Keeping the boat in the groove is important but you won’t win against the best until you know when to sail fast and when to sail high. If you are expecting a header you want to get to it as fast as possible, so you sail in the fast mode upwind by slightly footing. When anticipating a lift you should sail high upwind because that will help you get to the shift first. Keep in mind that sailing high and sailing fast (upwind) is only a few degrees difference. Developing a feel for the helm, the trim, and the boat will greatly help you in fine tuning your adjustments. When you can feel the boat slow down as you are sailing high, you can adjust by turning down before the speed is lost. Likewise, if you feel that you have great speed you can turn the boat up to gain height. If this can be done by feel you will start crushing the boats around you.
WHEN TO FOOT AND WHEN TO POINT
by Bruce Goldsmith Reprinted from Rebel Rabble
Maybe you have wondered what happened to the boat that was right next to
you for most of the way up the windward leg, but all of a sudden was at the mark
way ahead of you. You know you did not do anything drastically wrong-but what
did he do that was so drastically right? Just how did he getaway?
Your “boat speed” was good, you hung in there for most of the weather leg,
only to be on the outside of 8 boats that “Just squeezed around the mark” ahead
of you, or you were on the inside of 8 boats that “powered over” you as you tried
to squeeze around the mark. You simply ended up in the wrong place! What really
happened was that your judgement of when to foot and when to point has not been
To change direction when sailing to windward, you can tack of foot or point.

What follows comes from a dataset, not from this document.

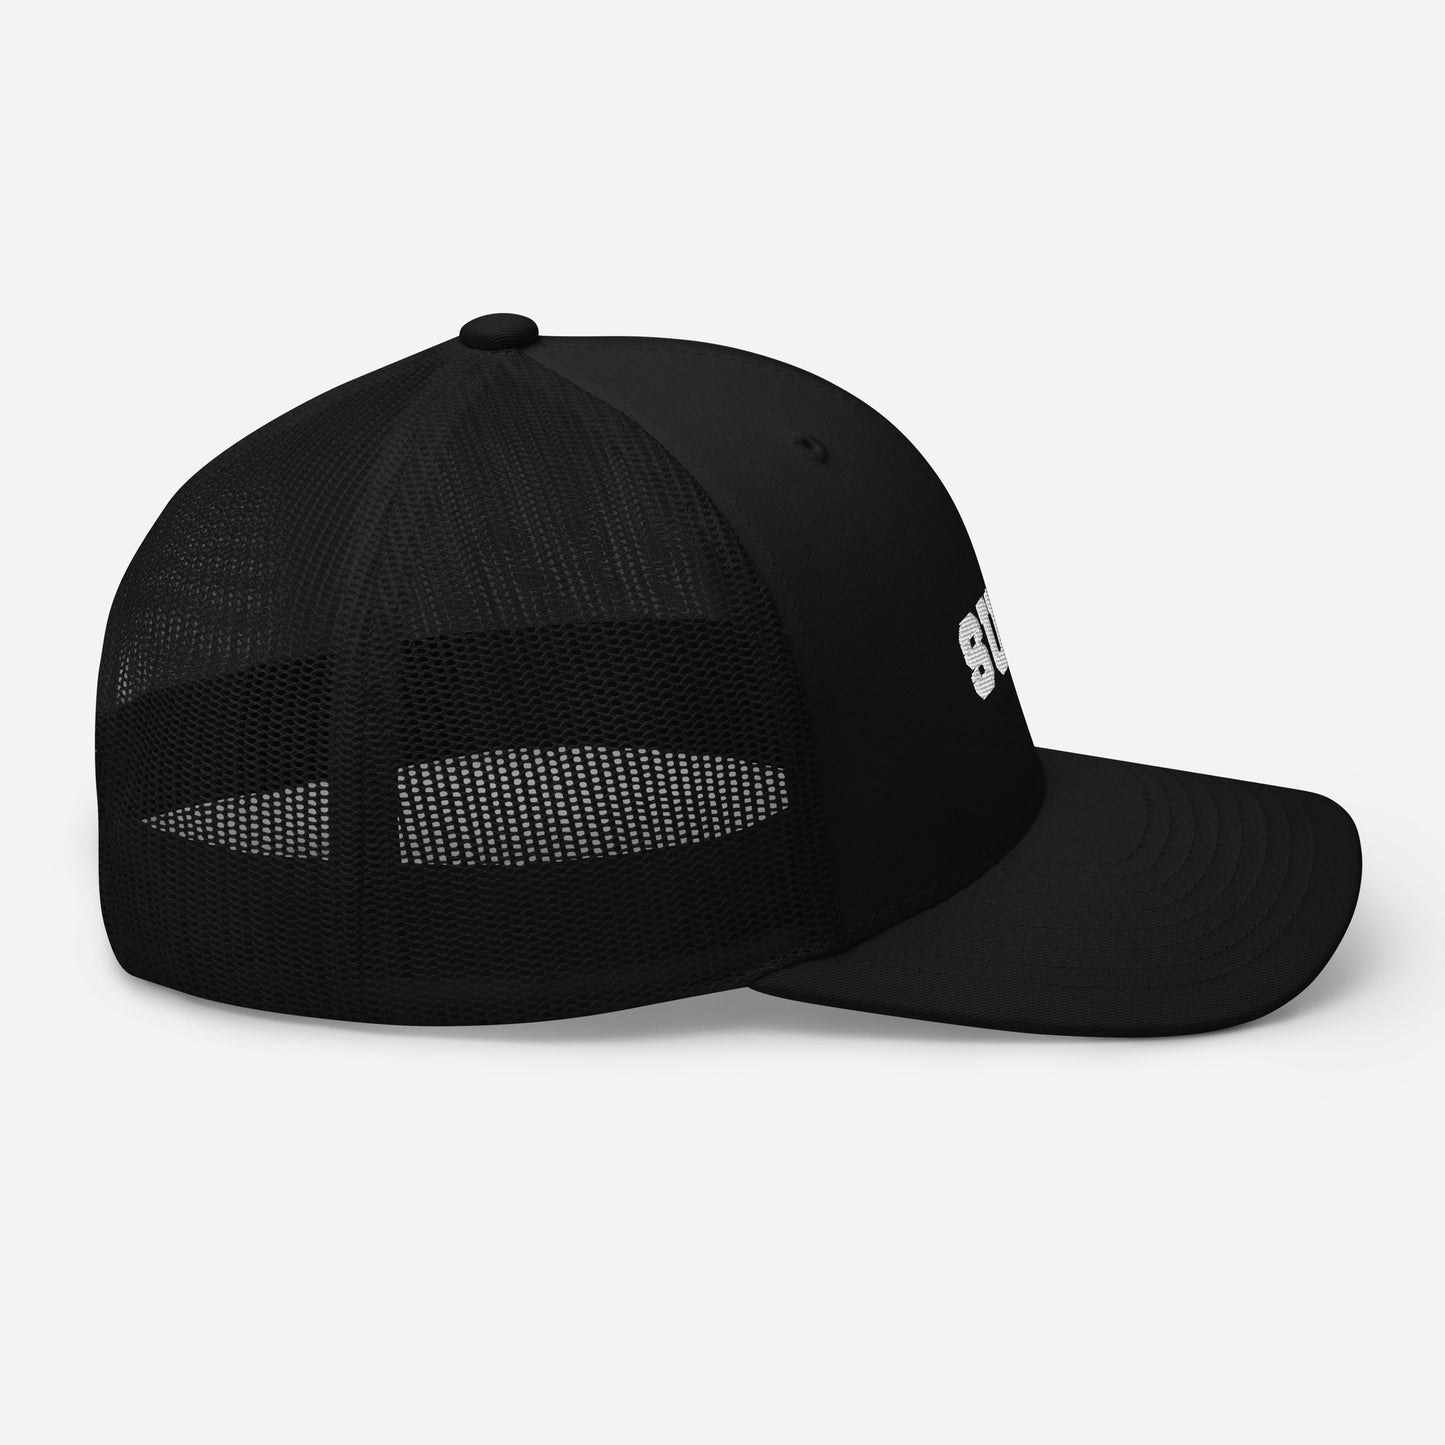 Surp SFBUFF Black Trucker Cap Hat
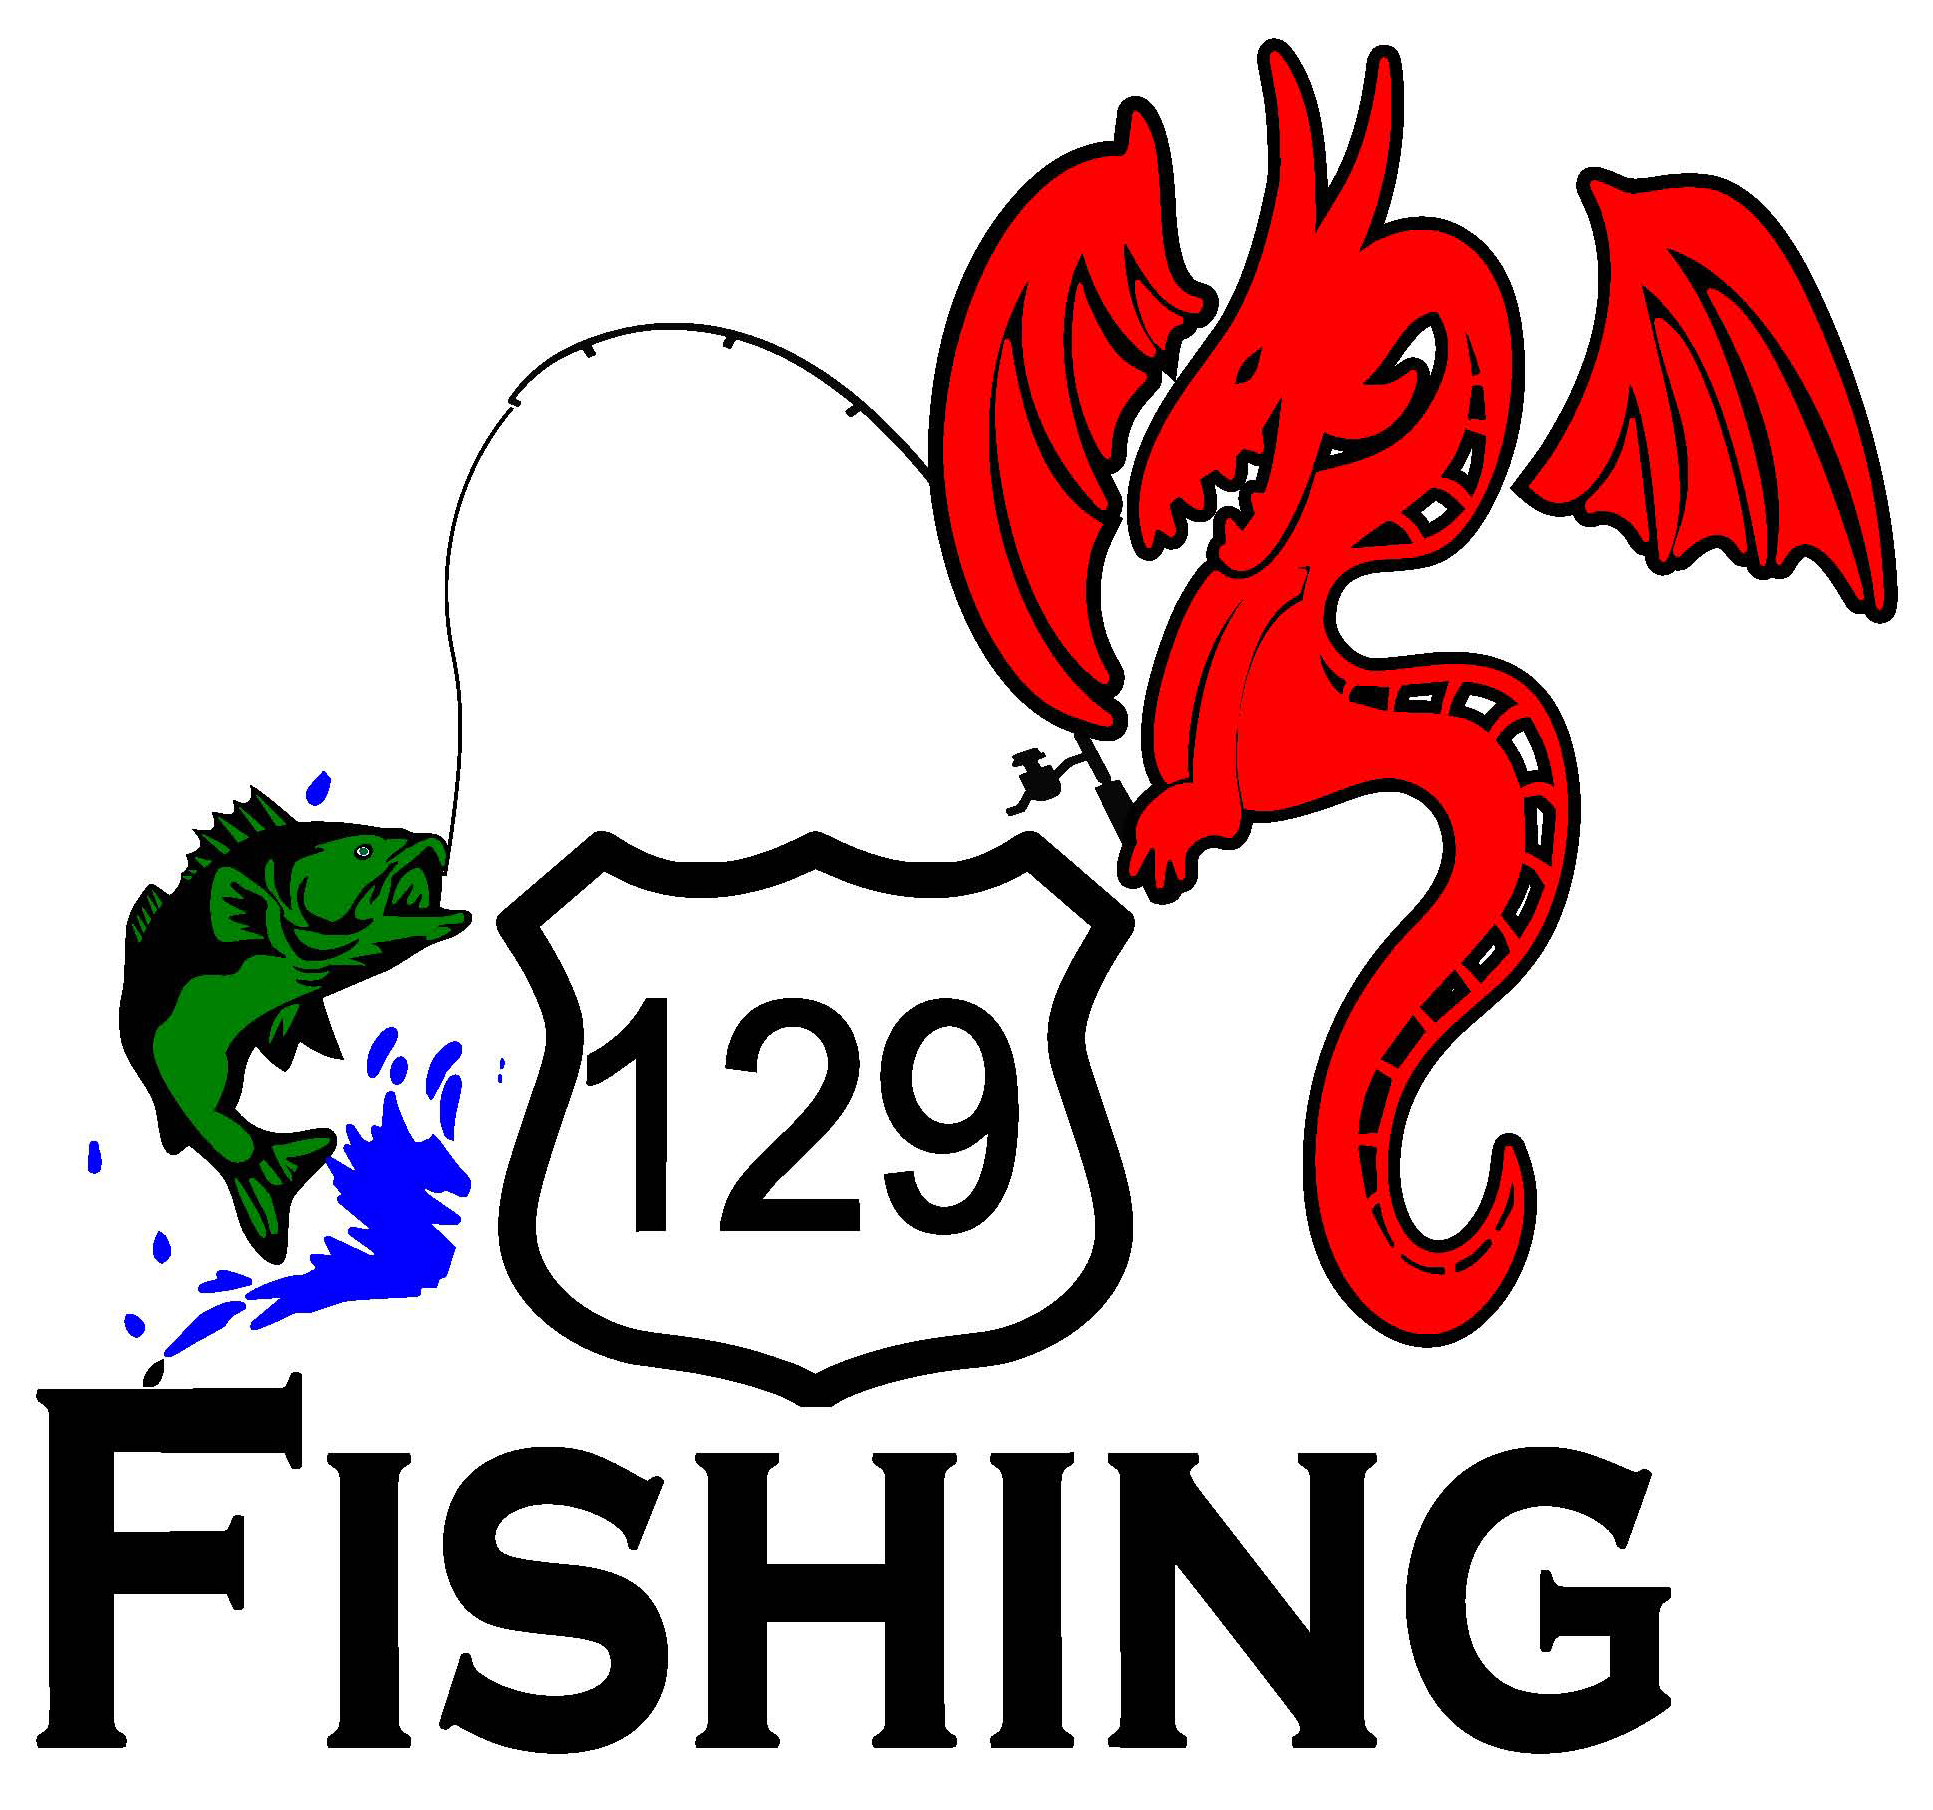 https://www.129fishing.net/wp-content/uploads/2018/09/129fishingjgLGcropped.jpg

You have to continuously choose where you would like to be relative to other boats
within these limitations. This article will explore when to foot and when to point.
Footing is steering below a normal windward angle to gain more forward speed at the
expense of windward pointing. Pointing is steering closer to the wind than a normal
windward angle to gain windward distance at the expense of speed. Either can fine
tune our position without such a drastic measure as tacking. The difference in the
effective sailing angle between footing and pointing might be up to 25 degrees, where
as tacking varies between 70 and 100 degrees.
The basic rule is to foot to the headers and point to the lifts. In this way you
end up on the upwind side of the next shift relative to boats around you. When we
consider footing and pointing, we always have six different ways to go instead of
just two. The top sailor is constantly juggling the six possibilities of: sailing
either tack, footing. pointing, or normal. He picks spots that can be reached by one
or a combination of the above that will improve or protect his position. Usually
footing or pointing is a subtle way of positioning yourself on a few boats around you.
For example, assume you are 20 yards astern of a pack but in clear air. Footing puts
you in bad air, sailing normal gains nothing. Tacking gains big if wind lifts later,
but loses big if wind heads. Pointing avoids bad air, gains if wind lifts later,
loses slightly if wind heads, but allows a tack that gives clear air ahead and to
leeward of the pack rather than just to leeward. Now we again have the option of
pointing up or footing, where as any other choice but pointing would have given us
Sometimes footing or pointing can cause more than subtle positioning.
The most extreme usually occurs right after the start or near the weather mark.
After the start, you generally cannot tack because of starboard boats, so close
attention must be paid to keeping your air clear by footing or pointing. If boats
to weather are rolling over you, you should foot only as much as you need to keep
your sells ahead of their wind shadow. If boats to leeward are pinching you off,
you must point enough to stay to windward of their backwind. When both problems
exist, you either started late or are just plain slow. Normally, however, it is
a time to be very aware of footing or pointing. If successful you are in the first
row among the leaders, if not you are automatically in bad air and back in the pack
looking for a place to tack.
Near the weather marks it can become very critical to foot or point. For
instance, you may be just short of the starboard layline on starboard tack. Pointing
gets you around the mark ahead of a wall of starboard layline boats. If you don’t
start pointing soon enough, a tack loses to the whole wall. When you have overstood
slightly, you must foot or boats will tack to leeward and ahead and round the mark
inside of you. Take advantage of your option to foot to position yourself so that
someone tacking below you can’t lay the mark and someone who takes your stern overstands.
In addition to using footing and pointing for positioning, there are classic times
that call for one or the other regardless of position. In general you foot to reduce
leeway or side slippage, and gain steering control. Examples are: sloppy water, before
port-starboard crossings, before and after tacking. You point to take advantage of the
potential close winded conditions. Examples are: smooth water, steady wind, after
footing for control, and when over powered, especially on smooth water and with light crew.
At every post-race rap session the subjects of boat speed and going the wrong way
are bantered about vigorously. Sometimes someone gets credit for a smart move or super
boat handling. Seldom does a discussion occur about our subject. I’m suggesting that
we should all pay more attention to when to foot and when to point.